Anthony Cummins reviews Lionel Shriver’s latest novel, The Motion of the Body Through Space, which takes aim at “generation snowflake”: “It’s potentially fertile ground, albeit tripwired with hazards, few of which she avoids.”
William Hay reviews How the Old World Ended. “The industrial revolution starting in the 1780s sparked an ongoing cycle of economic growth that transformed global living standards. Describing it as ‘the most fundamental reordering of human existence since the beginning of agriculture,’ Jonathan Scott looks beyond the origins of industrialization in How the Old World Ended to consider what made the way of life it displaced so vulnerable to disruption. The question points to a corner of the North Sea during the 7th century where a commercial revolution with developments in craft production and agriculture preceded the later industrial one. Scott argues that the Netherlands, England and English colonies in America drove a transformation producing ‘Anglo-Dutch-American early modernity.’ Substantively republican in governance and Calvinist or Calvinist tinged Protestant in religion, it prioritized intensively developing resources over passively extracting wealth as Spain did from its empire.”
The funeral director and poet Thomas Lynch writes about why we need time and space to mourn the dead: “Victorians allowed for extended periods of mourning, and their culture allowed for ‘proper respects’—the pause and tender patience granted the bereaved.

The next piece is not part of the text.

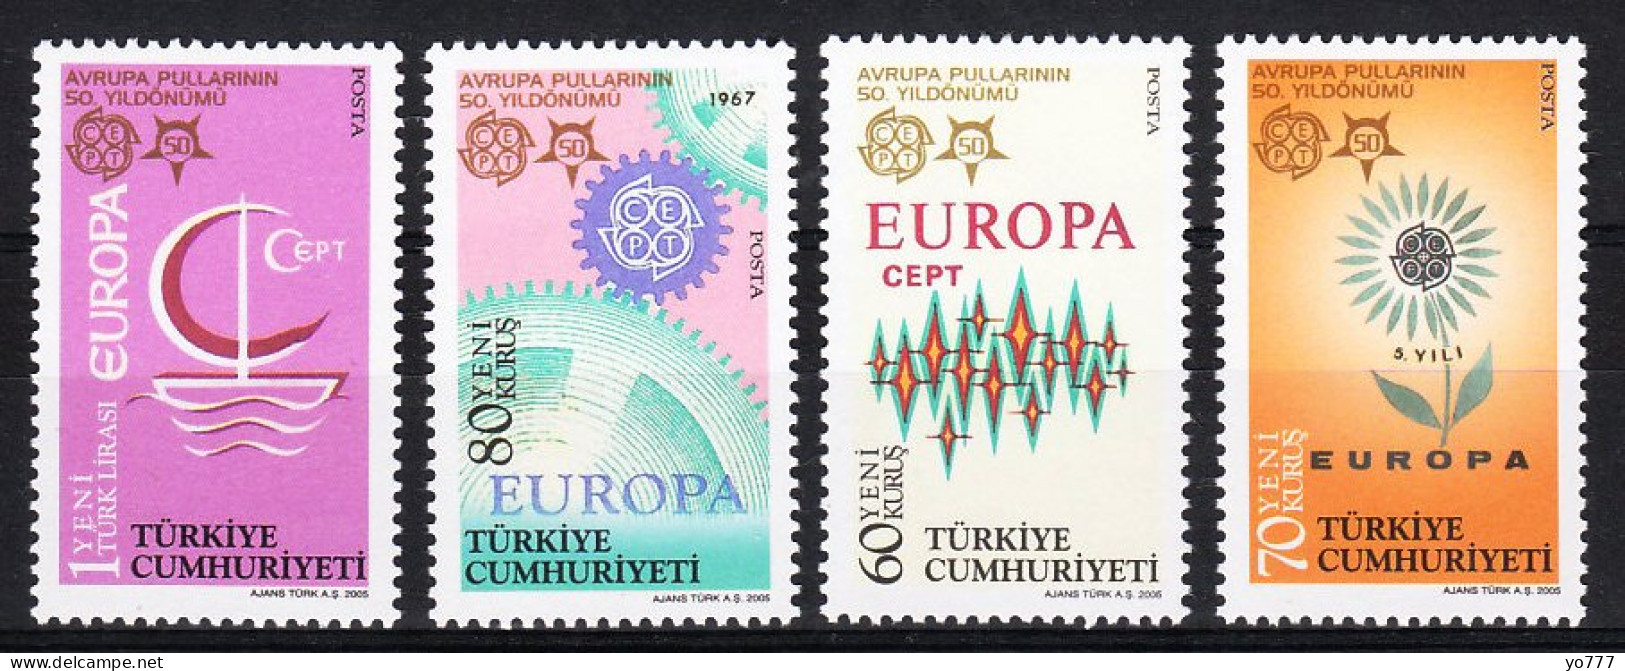 (3487-90) EUROPA (C.E.P.T.) - 50 YEARS OF EUROPA STAMPS SET MNH** - Ungebraucht

The current emergency disallows all but the most needful duty to burn or bury the dead on a schedule advanced by a witless virus. Adding to our nation’s annual death rate by numbers we cannot accurately project or prevent, the coronavirus overwhelms not only our medical, financial, social, and religious infrastructures, but our mortuary ones as well. For many mourners, the postponed and bodiless obsequies will make the lonely deaths only more unmooring—like trying to understand love when the bride is absent from her nuptials; or initiation and new life, naming and claiming, when the baby is missing from the baptism.”
You may recall Chris Beha’s essay on Søren Kierkegaard from a few days ago. Beha focused on what Kierkegaard tells us today about living a good life devoted to God. In The Paris Review, Adam Kirsch reminds us how radical that devotion should be in Kierkegaard’s eyes: “He believed that the most important commitment we can make is to God, and his work grew increasingly concerned with religious faith. Eight months after Either/Or appeared, Kierkegaard published Fear and Trembling, probably his best-known book today, which begins with the proposition that a human being becomes great ‘in proportion to the greatness of that which he loved.’ There is no greater object of love than God, Kierkegaard writes, and the Bible’s most powerful example of what it means to love God is the story of Abraham’s attempted sacrifice of Isaac, which he subjects to a powerful and dramatic analysis.”
Here are a couple of items from the higher education desk: The Cares Act could be an unexpected boon for small colleges: “For those small colleges, the department’s decision to use discretionary money to pump up their allocations to $500,000 could have significant consequences. For Avera Sacred Heart Hospital’s School of Radiologic Technology — a two-year institution in Yankton, S.D., with just 15 students — that sum approaches 2,000 percent of its reported annual revenue, according to an analysis by Miller.” In City Journal, Allison Schrager makes the provocative argument that, post-COVID—universities must “shift to a leaner, more productive business model. In the end, a hybrid system of online and in-person instruction will expand consumer choice and preserve the core functions of the university, while streamlining those features that have outlived their purpose.” I’m not so sure.
A defense of common sense: “Although I enjoyed Jordan Peterson’s runaway bestseller 12 Rules for Life: An Antidote to Chaos (2018), I thought it was needlessly long and complex. In Reclaiming Common Sense: Finding Truth in a Post-Truth World, Robert Curry offers a far simpler approach. It turns out there is just one rule for life and one antidote for chaos: common sense.”